Aspect-Controlled Summarization in Indonesian Language Scientific Papers Using Longformer Encoder-Decoder

Authors

Abstract

In the current information era, the number of scientific papers published in Indonesian continues to increase, creating a need for automated document summarization systems that enable efficient and rapid access to essential information. This study investigates the application of aspect-controlled summarization to Indonesian scientific articles using the Longformer Encoder-Decoder (LED) model. The proposed system aims to generate summaries that explicitly consider predefined aspects, namely Purpose, Method, Findings, and Value.

This study employs the Indonesian-translated version of the FacetSum dataset, which has undergone preprocessing and structural reorganization to support aspect-based summarization. The LED model is fine-tuned using this dataset and evaluated at both the whole-document level and the facet level. Model performance is assessed using ROUGE metrics as the primary quantitative evaluation method, complemented by qualitative analysis.

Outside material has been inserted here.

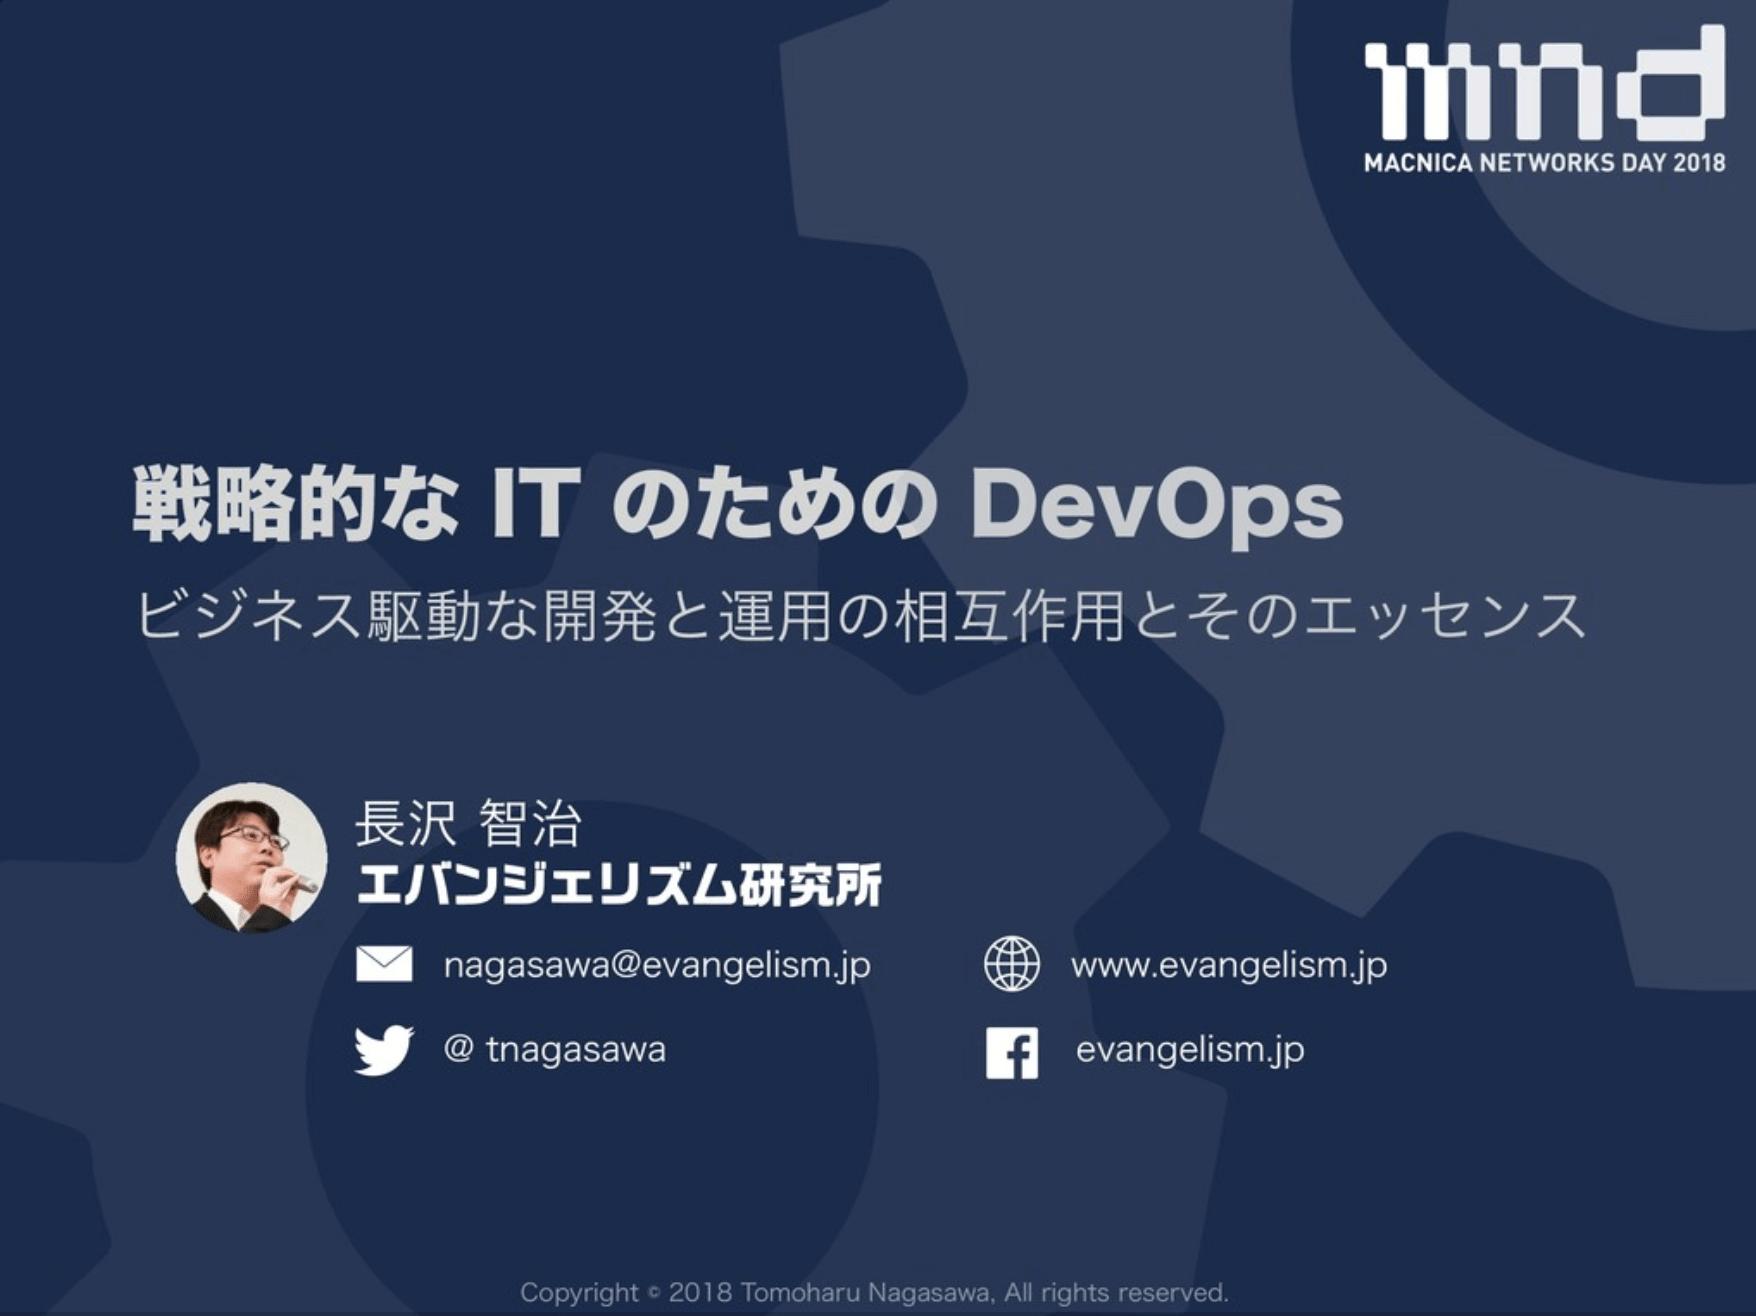 戦略的なITのためのDevOps-ビジネス駆動な開発と運用の相互作用とそのエッセンス

Experimental results indicate that while the LED model is capable of generating aspect-based summaries, its performance remains limited when compared to baseline models trained on English datasets. The obtained facet-level ROUGE-L scores are 34.28 for Purpose, 19.45 for Method, 19.37 for Findings, and 21.37 for Value, whereas the BART-Facet model on the original English FacetSum dataset achieves scores of 42.55, 28.07, 28.98, and 28.70, respectively. Further analysis suggests that this performance gap is primarily attributable to architectural limitations of the LED model for aspect-based summarization tasks, as the ability to process long input sequences does not inherently translate into improved facet-level summary quality.

Published

2026-06-15